This series fixes x86 ioremap free page handlings when setting up
pud/pmd maps.
Patch 01 is from Chintan's v9 01/04 patch [1], which adds a new arg 'addr'.
This avoids merge conflicts with his series.
Patch 02 adds a TLB purge (INVLPG) to purge page-structure caches that
may be cached by speculation. See patch 2/2 for the detals.

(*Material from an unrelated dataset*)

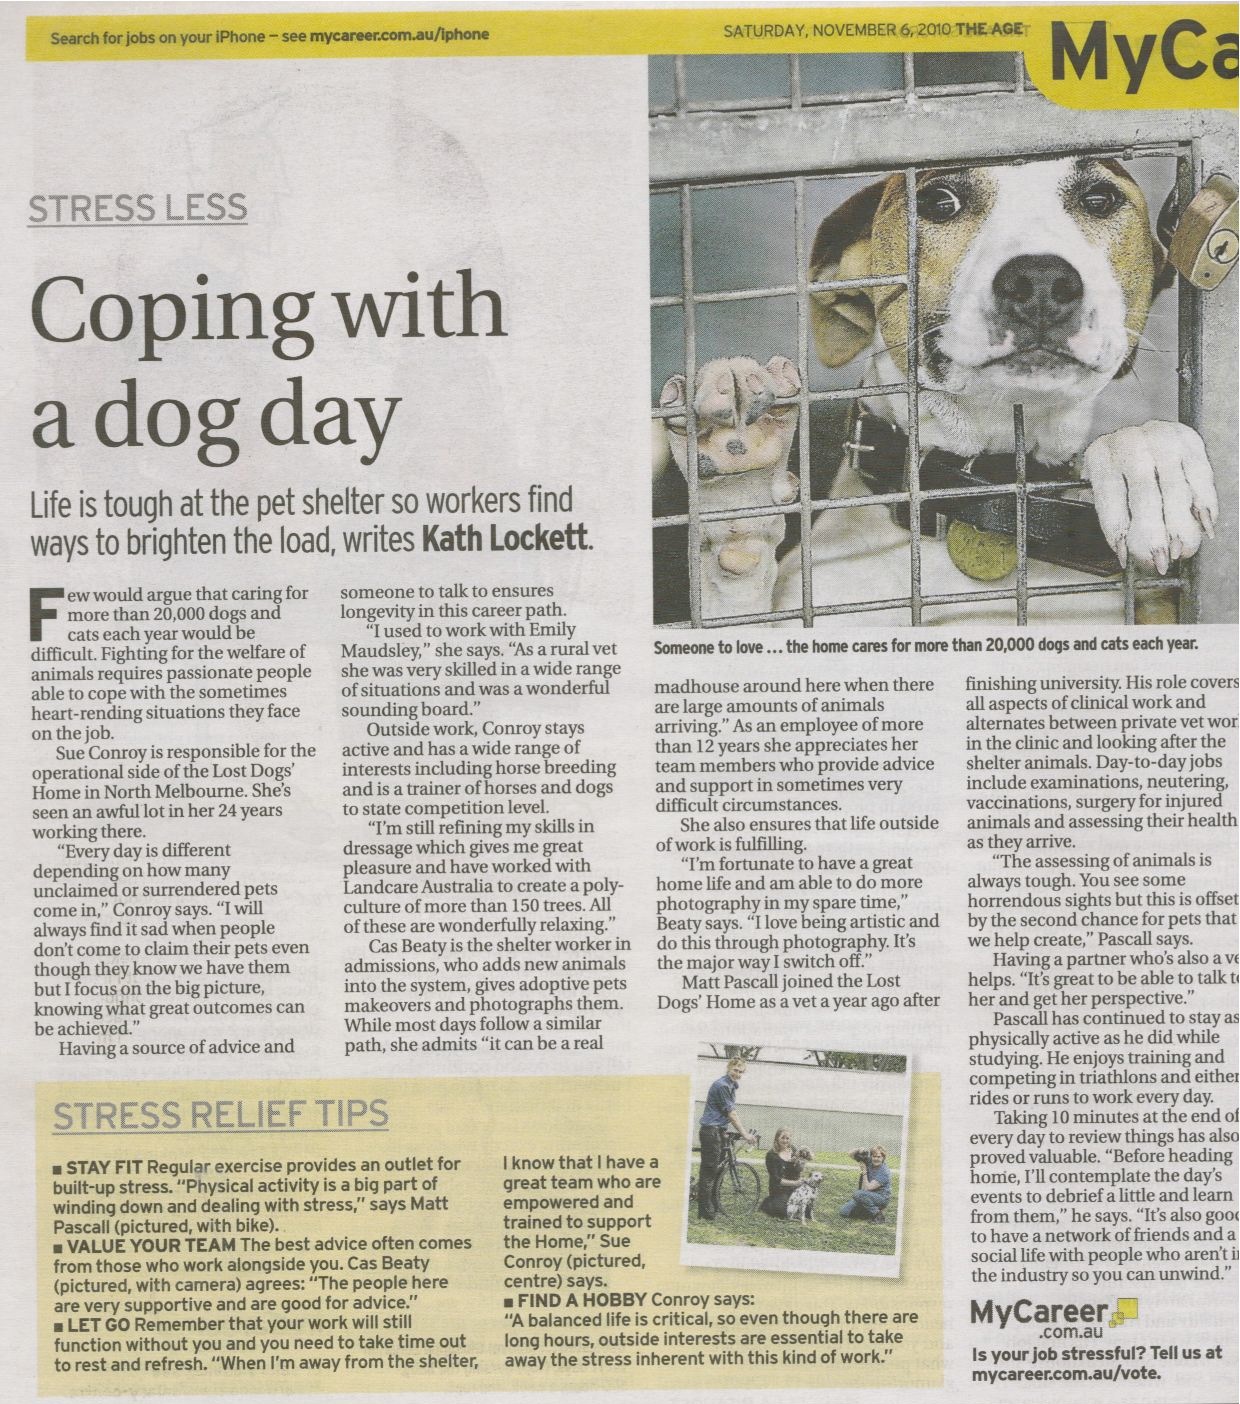 Lost Dogs' Home staff share their thoughts on coping with stress in The  Age's 'MyCareer' - Lost Dogs Home

Patch 03 disables free page handling on x86-PAE to address BUG_ON reported
by Joerg.
[1] https://patchwork.kernel.org/patch/10371015/
---
Chintan Pandya (1):
1/3 ioremap: Update pgtable free interfaces with addr
Toshi Kani (2):
2/3 x86/mm: add TLB purge to free pmd/pte page interfaces
3/3 x86/mm: disable ioremap free page handling on x86-PAE
---
arch/arm64/mm/mmu.c | 4 +--
arch/x86/mm/pgtable.c | 57 +++++++++++++++++++++++++++++++++++++------
include/asm-generic/pgtable.h | 8 +++---
lib/ioremap.c | 4 +--
4 files changed, 57 insertions(+), 16 deletions(-)
ioremap() supports pmd mappings on x86-PAE. However, kernel's pmd
tables are not shared among processes on x86-PAE. Therefore, any
update to sync'd pmd entries need re-syncing. Freeing a pte page
also leads to a vmalloc fault and hits the BUG_ON in vmalloc_sync_one().
Disable free page handling on x86-PAE. pud_free_pmd_page() and
pmd_free_pte_page() simply return 0 if a given pud/pmd entry is present.
This assures that ioremap() does not update sync'd pmd entries at the
cost of falling back to pte mappings.
Fixes: 28ee90fe6048 ("x86/mm: implement free pmd/pte page interfaces")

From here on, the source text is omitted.